My fight was gone. “I’m sure. Go back ten minutes before the blast.”
He did. Ten minutes played in less than thirty seconds. The explosion made me gasp. Adler’s hand came down on my shoulder as I wiped a tear from my tired eyes. There was nothing preceding it, just a catastrophic eruption. Obviously the means to produce such an explosion had been in place for an event such as this.
I agreed that on the video there was no activity on the grounds. If Richards had received a warning call, he hadn’t heeded it.
“Is there any way he could have known earlier?” I asked out of desperation.
“It’s doubtful. The timeline is tight.”
While Adler answered, Brady brought up the video again and rewound to sixty minutes before the explosion. Moments after he put the time-lapsed footage in motion, I saw a blur of white in the darkness near the pool. The lights around the pool were the only illumination on the rear grounds.
“Wait,” I said. “Go back and run it in real time.”
Both men stilled as Brady did as I asked. Thankfully, the government had sophisticated cameras with immense zooming capabilities. Though it was grainy, there were definitely two figures who appeared to have run the length of the yard, the exact trek I’d run the day before.

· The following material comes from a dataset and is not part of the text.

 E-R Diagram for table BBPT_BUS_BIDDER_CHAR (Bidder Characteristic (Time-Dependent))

“Was she wearing white?” Brady asked, interest as well as concern in his voice.
“No, not when I left, but, shit, I remember there were other women there in white. It could be one of them, or it could be that they made her change clothes.” The possible reasons for the change of clothes turned my stomach. I wouldn’t allow myself to let my thoughts linger there as I stared at the screen.

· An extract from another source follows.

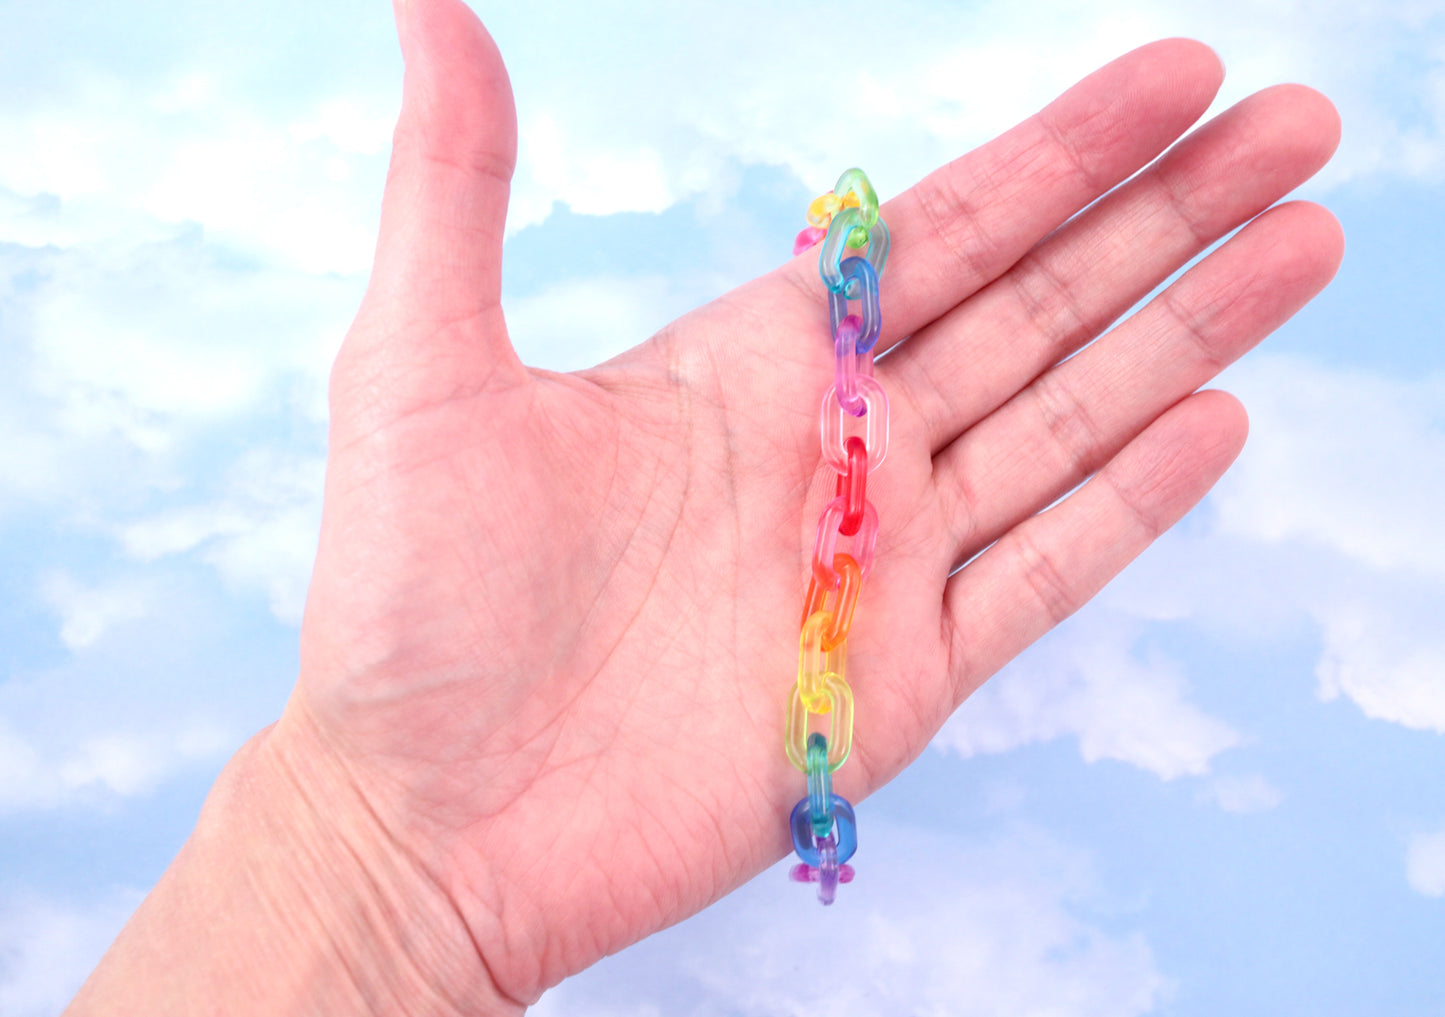 Plastic Chain Links - 15mm Transparent Colorful Plastic or Acrylic Chain Links - Mixed Colors - 200 pc set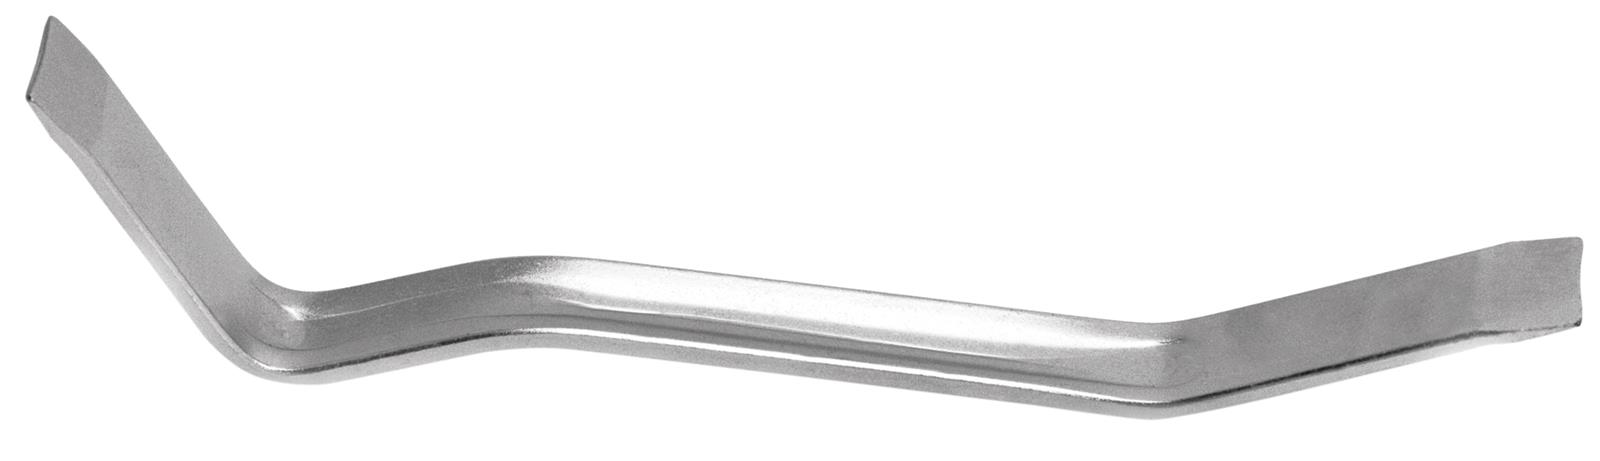 Performance Tool W80630 Universal Offset Brake Spoon,

“It’s difficult to see the other figure. I’d assume it’s a man.”
“Have they thoroughly checked the outbuildings?”
“Yes, and the wooded area. No one’s there.”
“There’s a back gate. Can you access the video of that gate?”
Brady shook his head. “No, the main center for the surveillance was in the house. When it blew, we lost our connection.”
“That neighborhood is within Bloomfield Hills and is gated,” Adler said.
“Yes?” I asked, wondering where he was going with that.
“The neighborhood has cameras!” Brady said.
My exhaustion gave way to one last surge of adrenaline. “Can you . . . ?”
I didn’t even need to finish my question before the screen came alive with nearly twenty feeds time-stamped at 00:00:00 Tuesday morning. The house wouldn’t blow for over an hour, but in general the streets and intersections were quiet, except for a late-model black SUV. It stopped at one stop sign long enough for us to see the driver.
“Shit! It’s him!” I said, the hairs on the back of my neck standing to attention as Dylan Richards’s image came into view.
“I don’t see anyone else in the vehicle,” Adler said.
“But we saw the woman in white near the pools. If the bureau has thoroughly investigated the rear grounds and there’s no one, or no body, down there, she has to be in the vehicle. I can’t imagine him taking any of the other women from that house. It has to be Sara. I told you, she’s not dead.”
Brady isolated the SUV and followed it to another home within the neighborhood. Once he zeroed in on the home, a smaller screen emerged and we were shown the owner of the home: Motorists of America.
I turned with my brow furrowed. “What the hell is that?”
“It’s a shell corporation. One that’s been on our radar as part of the Shadows. It’s worth millions, probably more.”
“So even stopping the production at the Northern Light won’t stop the money?”
“It will stop the influx of new money. There’s already a good amount out there. We just need to prove that it was obtained illegally. Hell, it could make a small dent in the national debt.”
“Send agents to that house now.”
While Agent Adler dialed, Brady switched to a time-lapsed feed of the house. With the time stamp reading 03:04:50, another SUV pulled up to the house. A man and woman got out and went into the house. I looked at my watch. That had been about an hour ago. By the time Special Agent Adler had given the order to go to the house, Brady had the screen on the live feed.
Less than two minutes after the order was given, three people came out of the house and got into the new SUV. It was the new man and woman plus Richards.
“Shit! What the fuck just happened?”
Special Agent Adler’s eyes narrowed. “Shit!”
“There must be agents at the mansion. Get someone there now! Catch him!” I was screaming orders at men, one of whom was my superior.
Brady followed the SUV through the streets of the neighborhood; however, once the SUV left the gates of the subdivision, we lost the feed.
“I gave them the license number. We need to sit tight,” Brady said.
“Please.” I turned to Agent Adler. “I need to be on a plane to Detroit.”
Special Agent Adler nodded. “I’m going with you.”